Photo courtesy of Mary Kathrine White Moursund
Bill said he would never want to be in a drought situation, but he’s afraid we might be headed in that direction now. “Drought is something I dealt with in 2011,” said Bill, “and it affects your psychic, it really does. You get to the point where you think it may never rain again, and it will mess with your mind.” Bill has had a plan on the back burner to build a water system for the cattle. I asked him if he had a plan to move forward with that and he laughed and said, “Funny you should ask, I think it just got bumped to the front of the list with the lack of rain we’re having. There’s a water line that runs from Winnie to Bolivar that comes off the Neches River.” Bill said. “I had a deal with the Lower Neches Valley Authority where I could tap into the line, but I have to do some figuring to see if it will be cost effective. I’d have to run lines and have storage of some sort built”

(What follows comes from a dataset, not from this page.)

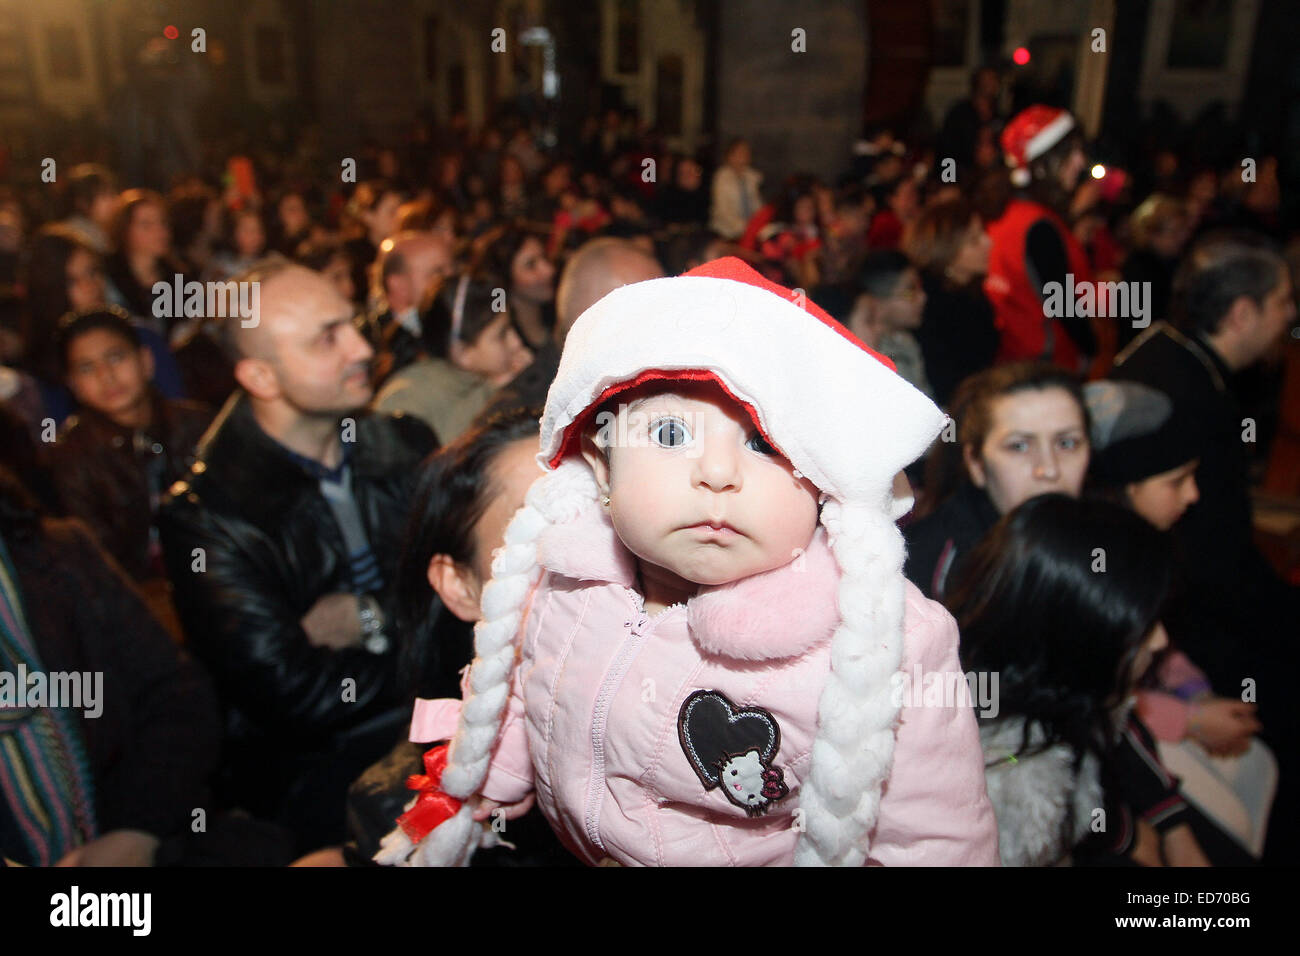 Damascus, Syria. 30th Dec, 2014. A baby attends the Christmas celebration at al-Zaitoun Cathedral in Damascus, capital of Syria, on Dec. 30, 2014. About 1,500 Syrian Christian kids and their parents gathered at al-Zaitoun Cathedral in Syria's capital Damascus to take part in a Christmas celebration. About 10 percent of population in Syria are Christian, who suffered persecution in some parts of the country by the hands of the extremist groups. © Bassem Tellawi/Xinhua/Alamy Live News Stock Photo

“One of the greatest blessings is I’ve had a lot of help from a lot of different people, older people, great role models. My dad, unfortunately, wasn’t around long enough. I learned a lot from him, I just wish he’d been here longer,” Bill said sadly, “I was fortunate to have the help of my brothers and sisters once he was gone and I’ve learned a lot from friends of his that made a big difference in me as a person and kind of how I look at life.”
“The thing that always got me was looking at those scrapbooks,” Bill said misty-eyed. “It gave me a sense of belonging, a sense of purpose.”